BEGIN DATA BLOCK

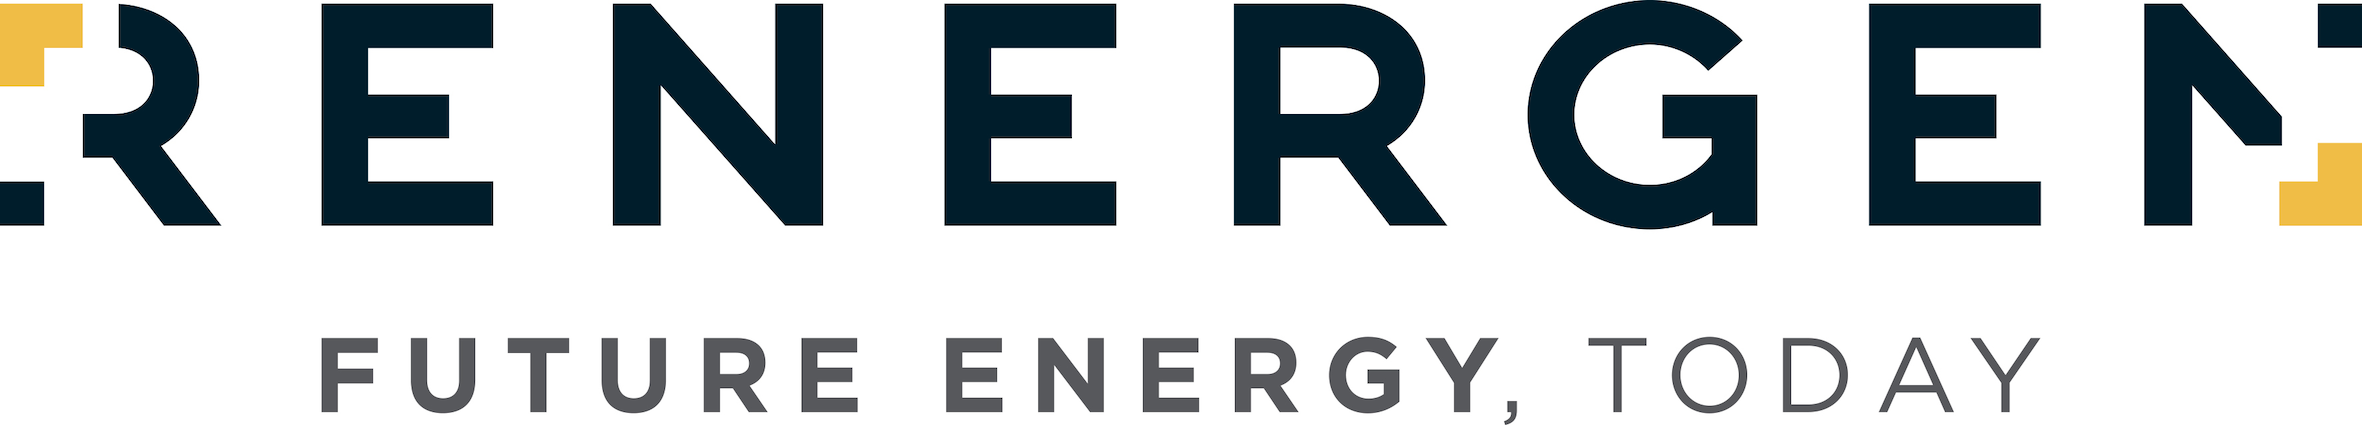 Renergen Limited Logo
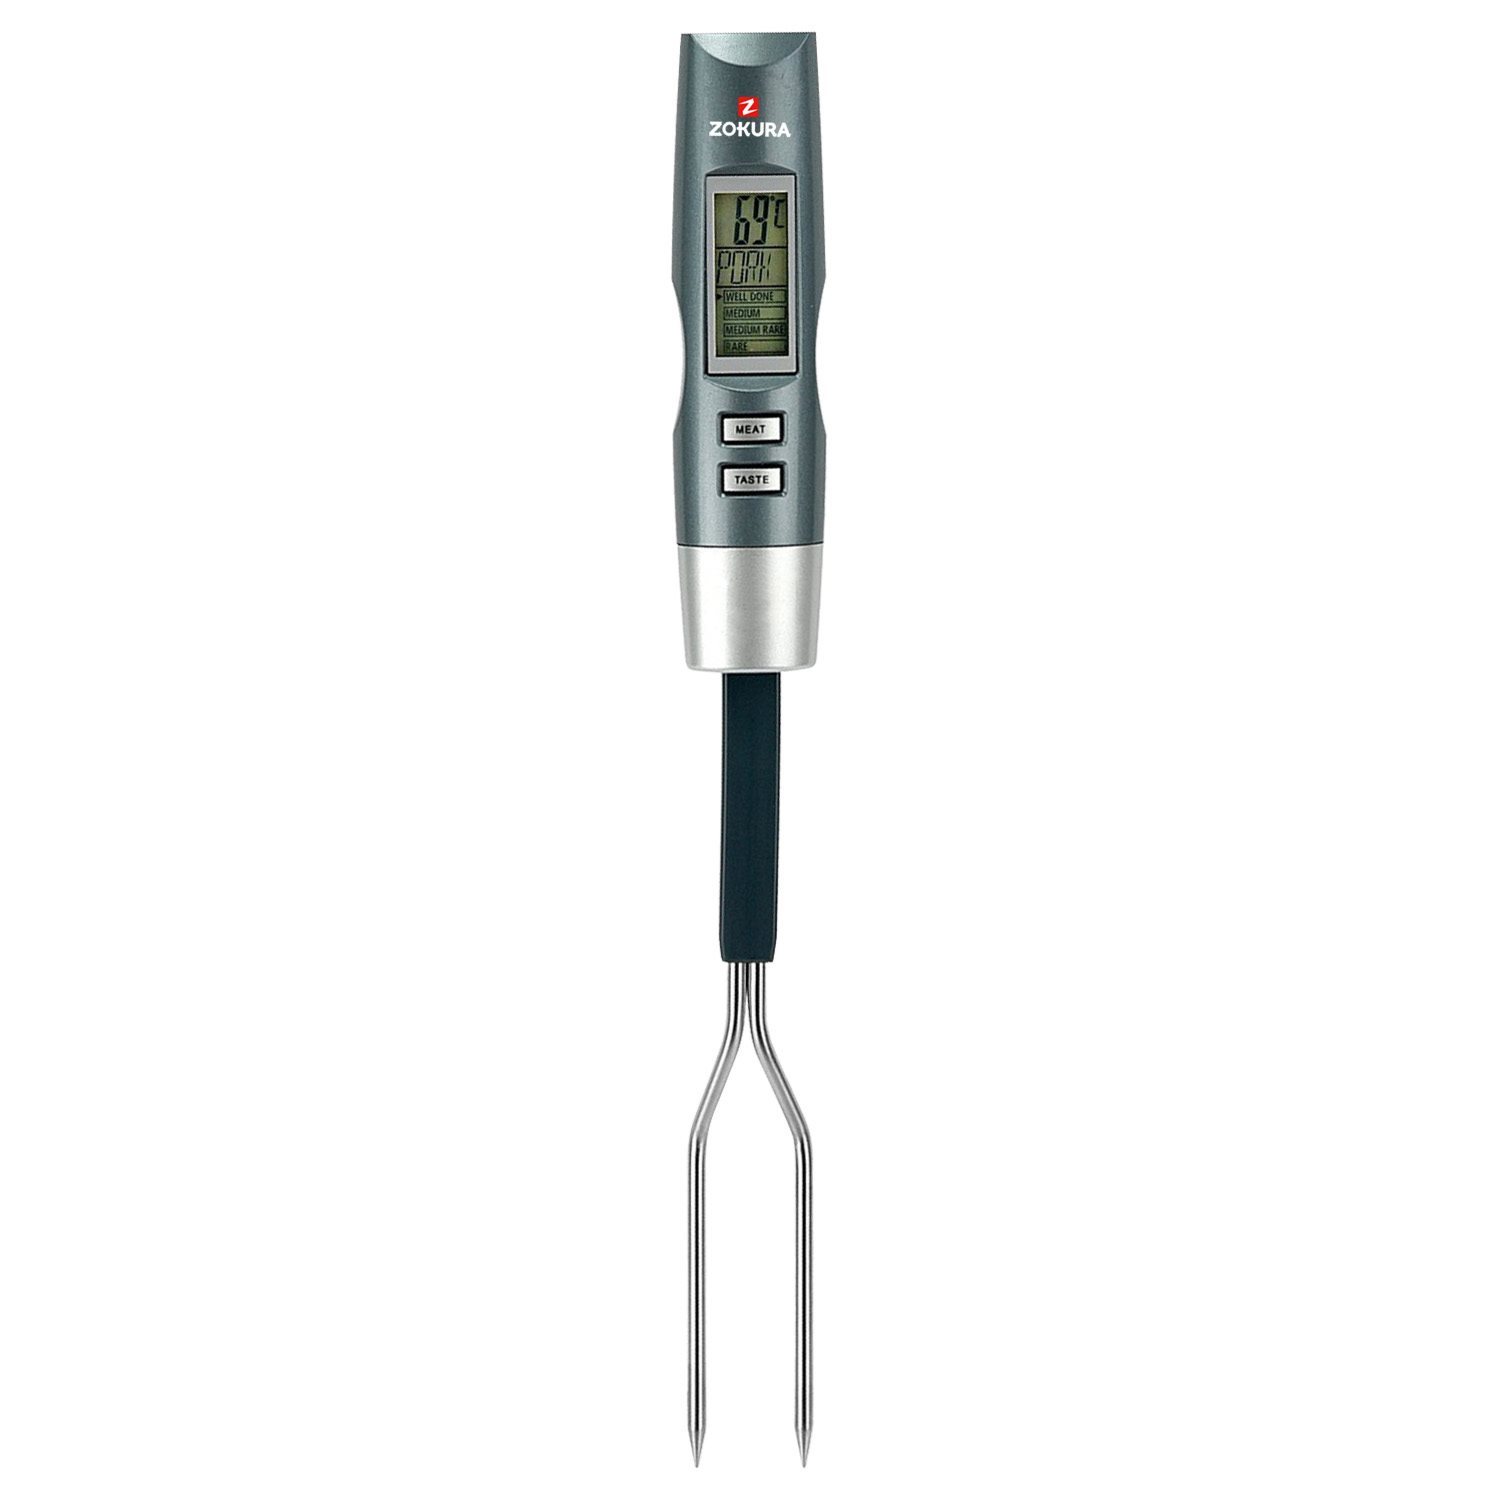 Termometru digital pentru carne - Zokura
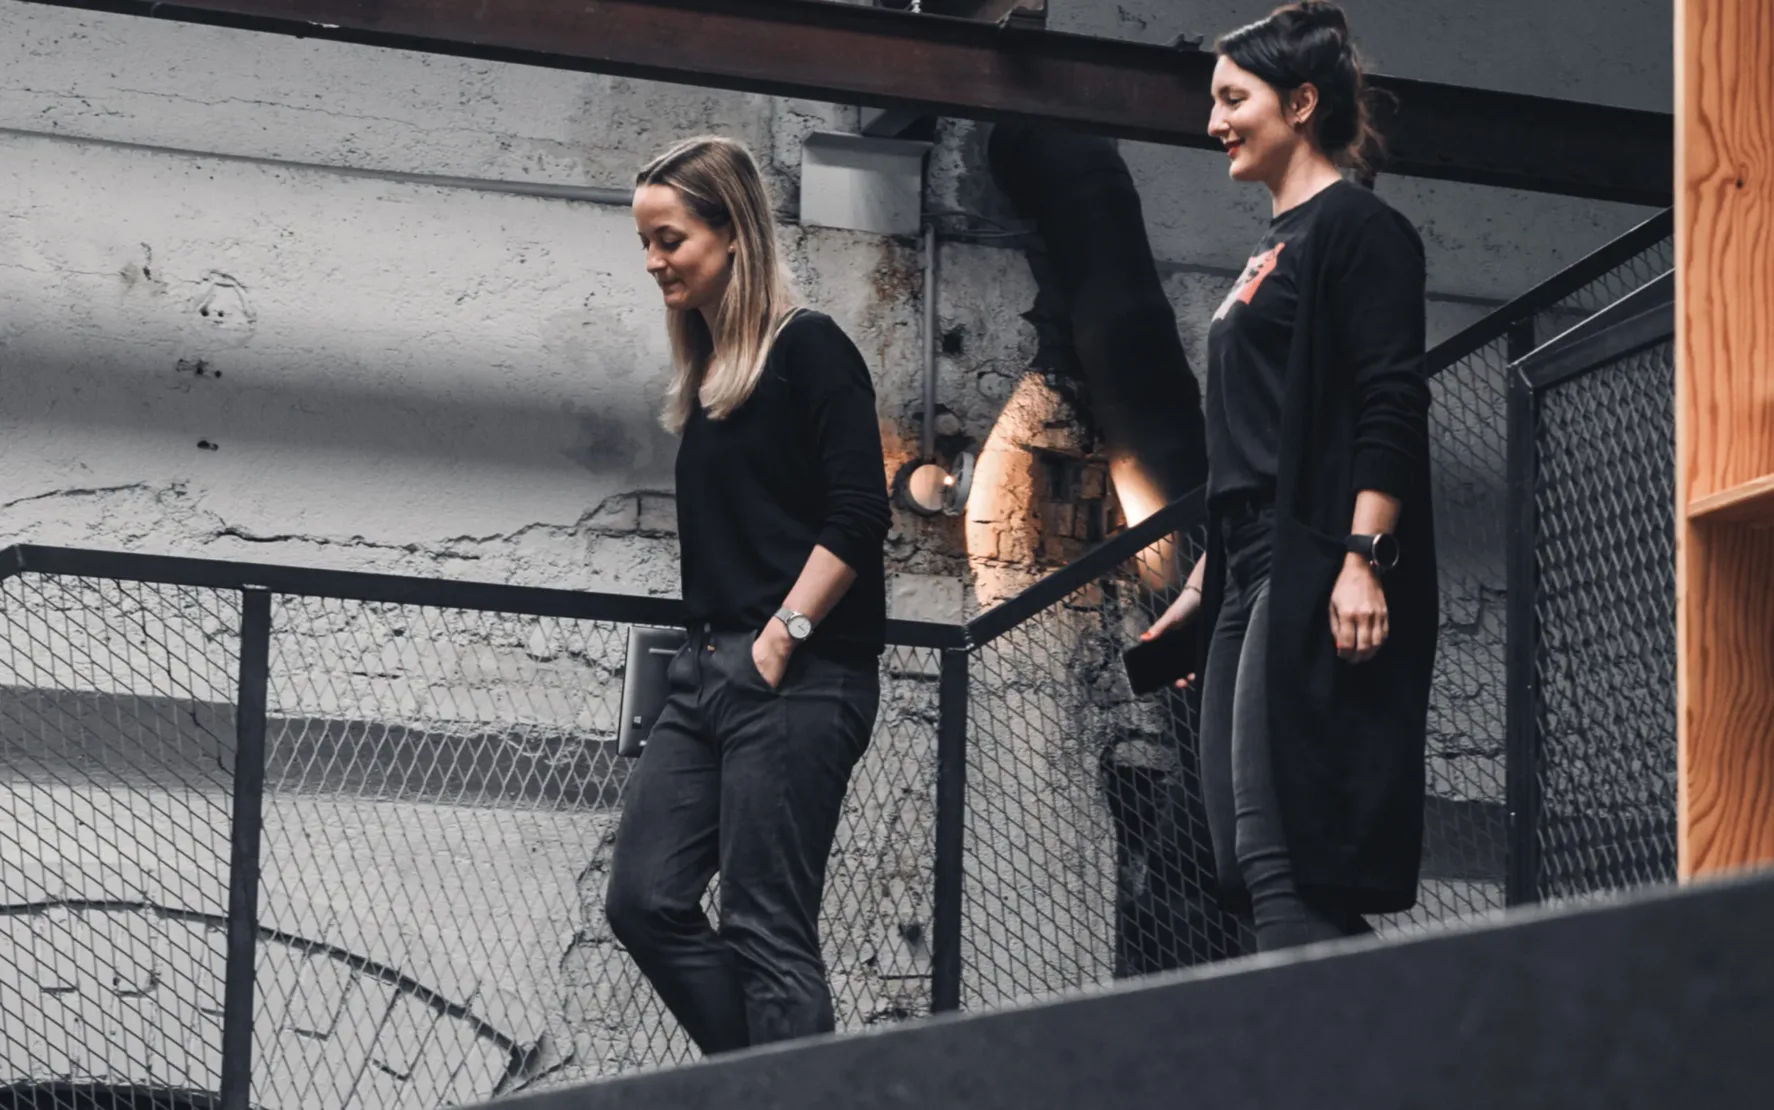 Zwei valantic Austria Mitarbeiterinnen gehen eine Trappe hinunter.

END DATA BLOCK

▶ _TASK TO CARRY OUT_:
Set the entire listing down again, exact in every line, without any pictures.

▶ _OUTPUT_:
 Renergen Limited Logo
 Termometru digital pentru carne - Zokura
 Zwei valantic Austria Mitarbeiterinnen gehen eine Trappe hinunter.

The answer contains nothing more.